Но я уперто замотал головой, продолжая буравить его глазами. Он замешкался у края выкопанной могилы, словно не зная, что ему следует делать дальше. Его растерянное, несчастное лицо разозлило меня еще больше.
– Теперь ты веришь мне, Барри? Веришь?
– Пожалуйста, Том! – взмолился он. – Поедем обратно…
– Никуда я не пойду, – закричал я в ответ. – Это из-за тебя она ушла! Она бросила меня, когда поняла… когда увидела, что ты мне не поверил.
– Даже если это и так, то это пошло тебе лишь на пользу, – вспылил он вдруг. – Неужели ты всерьез собирался остаток жизни провести в иллюзиях?
– Мне было плевать на то, что это иллюзии, пока я не знал правды. Ты, ты все сломал! Из-за тебя я обречен на вечное одиночество!
– Ты всегда был одинок, Том, – проорал толстяк, потеряв остатки самообладания.
Ледяной порыв утреннего ветра отрезвил меня, охладив расплескавшуюся внутри ярость. Я понял, как глупо, должно быть, мы оба сейчас выглядели со стороны, и насколько странной казалась эта картина. Я одним рывком выбрался из ямы, отвергнув помощь усатого инспектора. Затем я отряхнул штанины брюк от пыли и обернулся к нему, тихо проговорив:
– Зато теперь мы оба одиноки, не так ли? Добро пожаловать в мое царство.
Я отвернулся и пошел прочь, на ходу набрасывая плащ на плечи и вынимая из кармана ключи от автомобиля. Завести мотор мне удалось не сразу – промерзшая машина отказывалась оживать, свирепо фыркая. Лишь спустя несколько минут, когда на заднее сидение забрался Барри, я услыхал долгожданный низкий рев, и развалюха тронулась с места, дребезжа и грозя развалиться на части на каждой выбоине дороги.
– Хочешь, чтобы я признал, что был неправ? – внезапно произнес Барри.
Он сидел, ссутулившись, будто ржавая крыша машины мешала ему разогнуть спину. По его лицу струились прозрачные дорожки из слез, срываясь с обветренных щек вниз, на ворот свитера. Он выглядел совершенно несчастным и разбитым, но мое внимание приковывала лишь серая лента шоссе, виднеющаяся впереди.

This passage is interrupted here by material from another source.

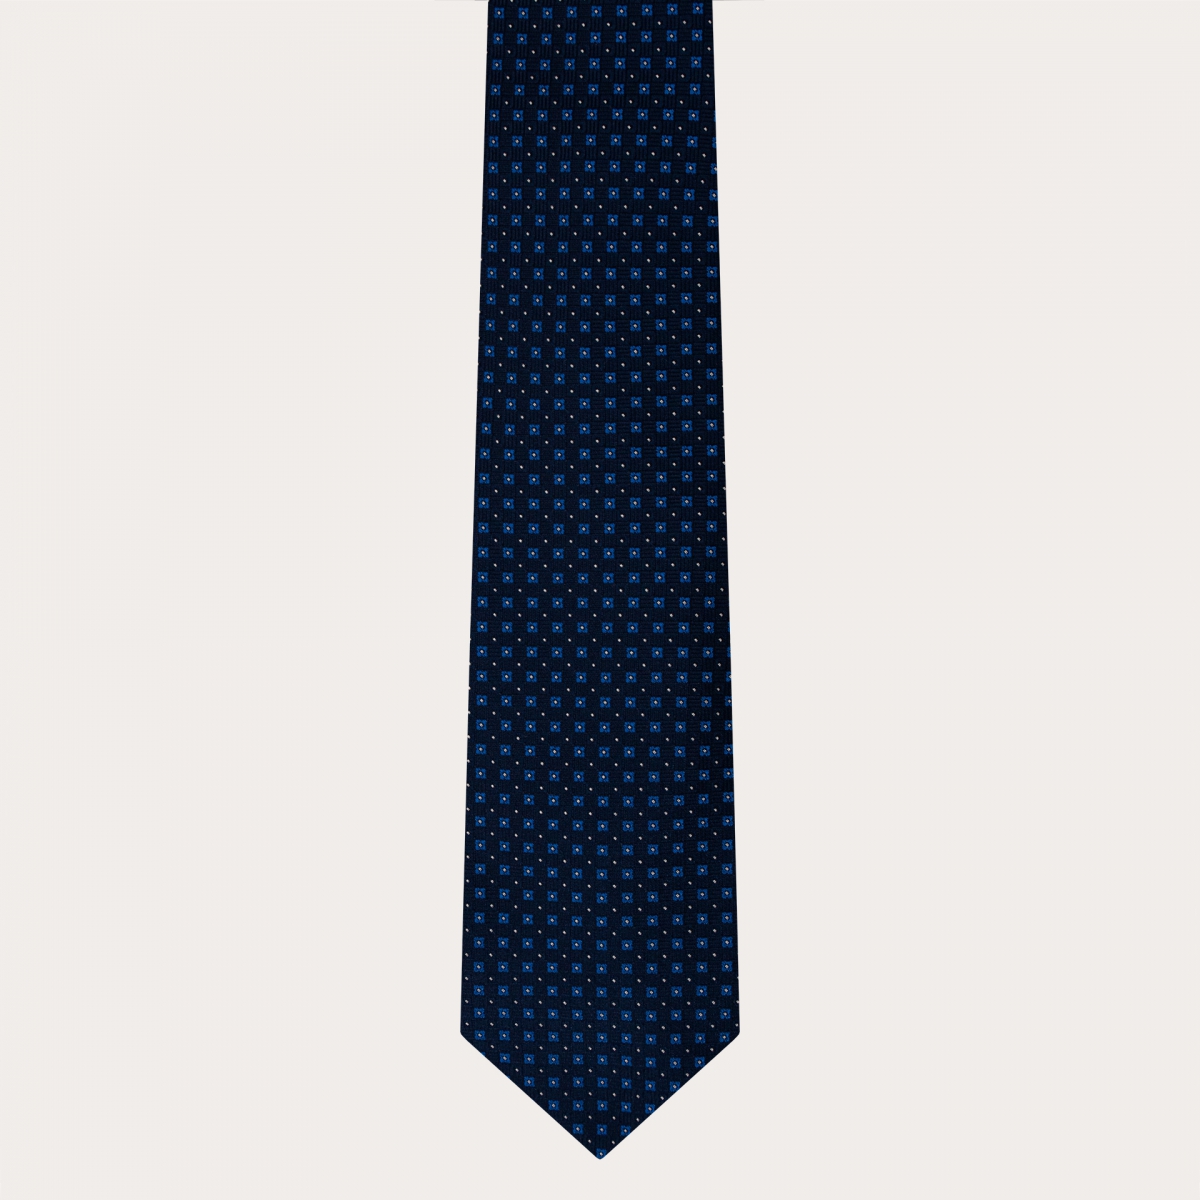 BRUCLEElegante Krawatte aus Jacquard-Seide, blau mit floralem Mikromuster
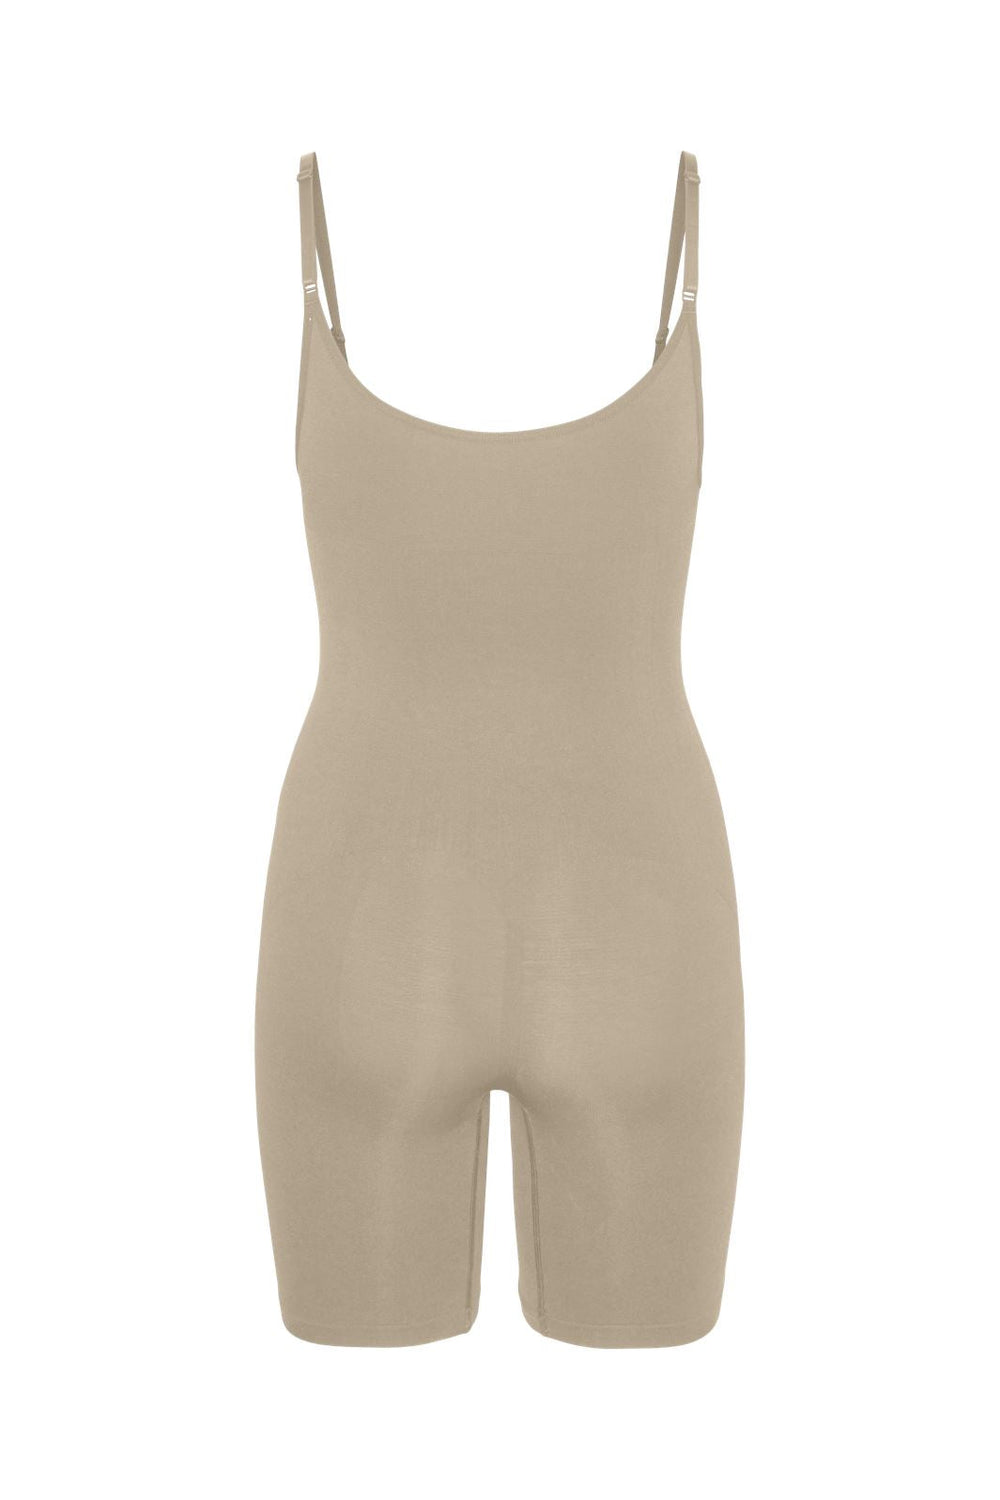 Vero Moda Accessories - Vmsilla Shape Under Bust Bodysuit - 4605613 White Pepper

– Неужели ты считаешь, что я ни разу не думал об этом, Том? О том, что именно я, возможно, виноват в том, что окончательно загубил твою жизнь, – он судорожно вдохнул спертый воздух. – Лиза ведь тоже так считает, Том. Сперва она винила во всем себя, но потом… Я уже и сам не понимаю, кто и в чем виноват!
Барри спрятал широкое лицо в ладонях, а затем быстро вытер слезы и посмотрел на меня через зеркало заднего вида, явно ожидая моего ответа. Но я не проронил ни звука, пристально разглядывая сереющую дорогу.
– Не желаешь со мной разговаривать? Отлично, Том! Будем считать, что я это заслужил. Теперь я буду в изгнании…
– Да заткнись ты уже, – рявкнул я, и толстяк испуганно притих.
Я заглушил мотор и вышел из машины. Инспектор, уже было начинавший вновь накручивать многострадальный ус на свой палец, передумал и тоже выбрался наружу, не без труда распахнув скрипучую дверцу. Он топтался рядом, глядя себе под ноги и лишь изредка переводя на меня быстрый, мелькающий взгляд.
– Какого черта происходит, Барри?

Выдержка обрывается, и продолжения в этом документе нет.